The last person running smokeping hadn't done some config file updates, and the load on the system was very high, so he'd removed some slaves. as I put them all back a little at a time I would update the config file, and the slaves would all get this error and stop sending updates. what I traced it down to is that the slaves are not running in daemon mode, but the software only writes out a PID file in daemon mode. since my startup up script removes old PID files, I get a pid file missing error when the HUP happens. You might check and be sure your PID file on the slaves is correct for the current process, not an old one that didn't get deleted in the past.

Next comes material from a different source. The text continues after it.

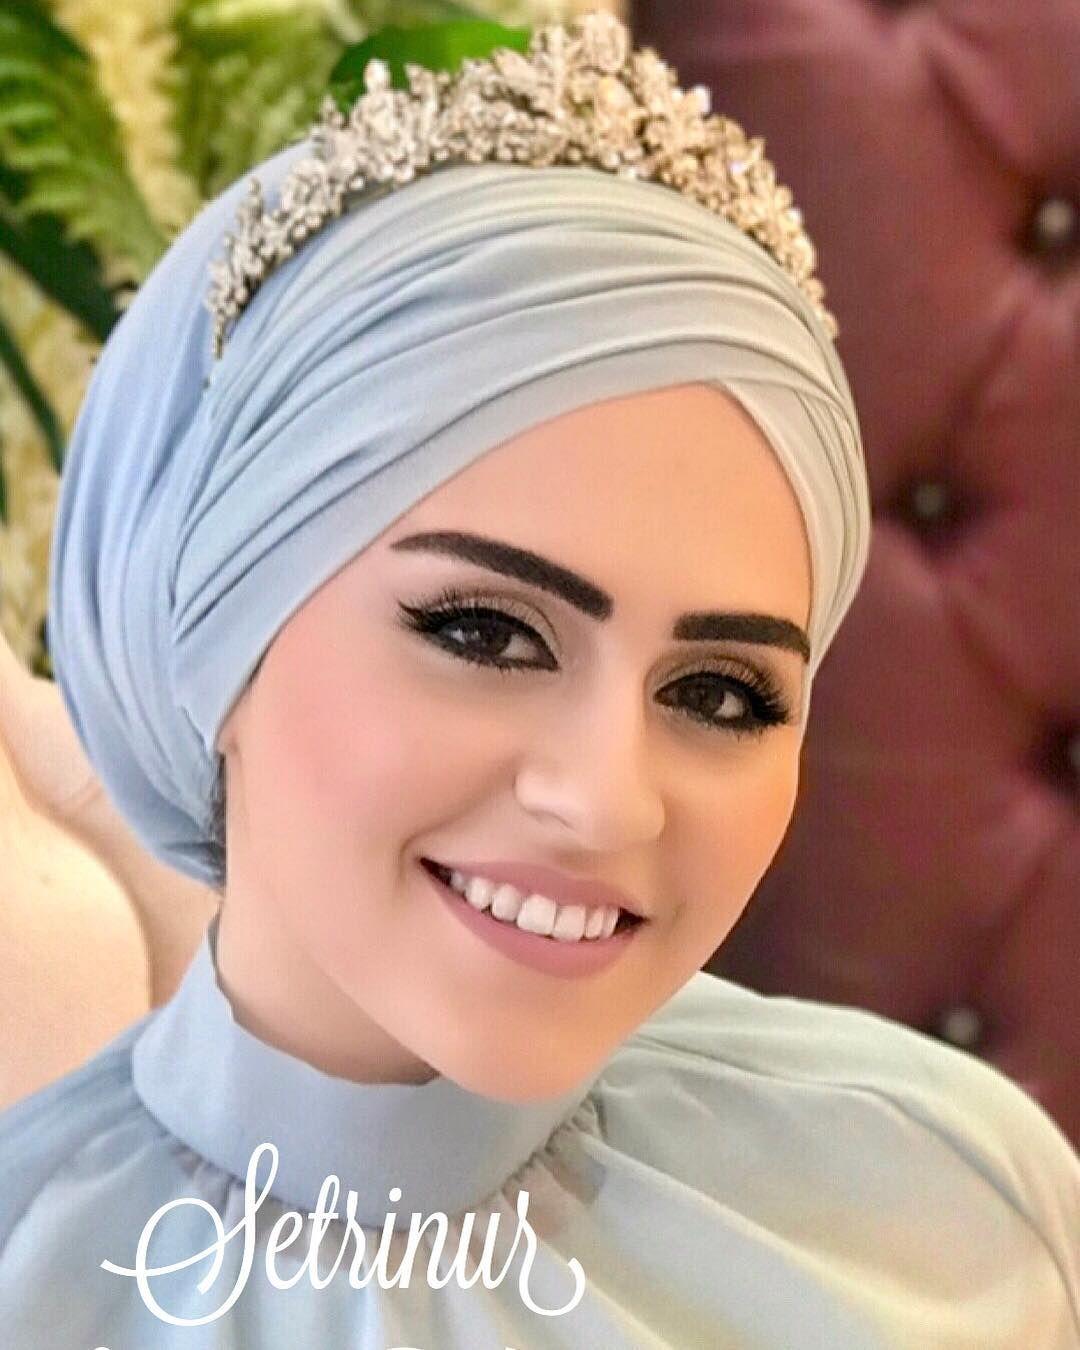 Goruntunun Olasi Icerigi 1 Kisi Wedding Hairstyles With Crown Muslim Wedding Dresses Hijab Dress Party

I've looked through the docs and tried to search the mailing list archives, but haven't figured this one out yet. So can anyone tell me if slaves have to be run "--nodaemon" for some reason? it would be handy to have the PID file there, things would be a lot nicer since it tries to do the HUP in nodaemon mode, even though there is no PID file.
On Jul 17, 2012, at 5:22, Jason Yates wrote:
> There was a config error on my master smokeping box (as a result of somebody trying to add a menu option without specifying a menu or title param), the error itself was resolved within minutes however during the “outage” the slaves must have polled and as a result logged the following (logs are in reverse time order).
> Mon Jul 16 15:30:52 2012 - ERROR: no instance of SmokePing running (pid 30738)?
> Mon Jul 16 15:30:52 2012 - server has new config for me ... HUPing the parent
> Mon Jul 16 15:30:52 2012 - Sent data to Server and got new config in response.
> <FPING is still running here. Logs cut.>
> Mon Jul 16 15:30:38 2012 - ERROR: we did not get config from the master. Maybe we are not configured as a slave for any of the tar
> gets on the master ?
> Mon Jul 16 15:30:38 2012 - WARNING Master said 500 Internal Server Error
> Mon Jul 16 15:30:34 2012 - Got HUP signal.
> Mon Jul 16 15:30:34 2012 - server has new config for me ... HUPing the parent
> Mon Jul 16 15:30:34 2012 - Sent data to Server and got new config in response.
> Is it possible to stop the slaves from killing smokeping on the first 500 error? Or have it automatically restart? I’d prefer not to have to go around and restart the slave processes each time a config error is made.
> Thanks all.
> Jason Yates
> Network Engineer
> Office: +44 208 834 8493
> Mobile: +44 7590 534249
> IS Networks : +44 208 834 8573
> Betfair. The World’s Biggest Betting Community.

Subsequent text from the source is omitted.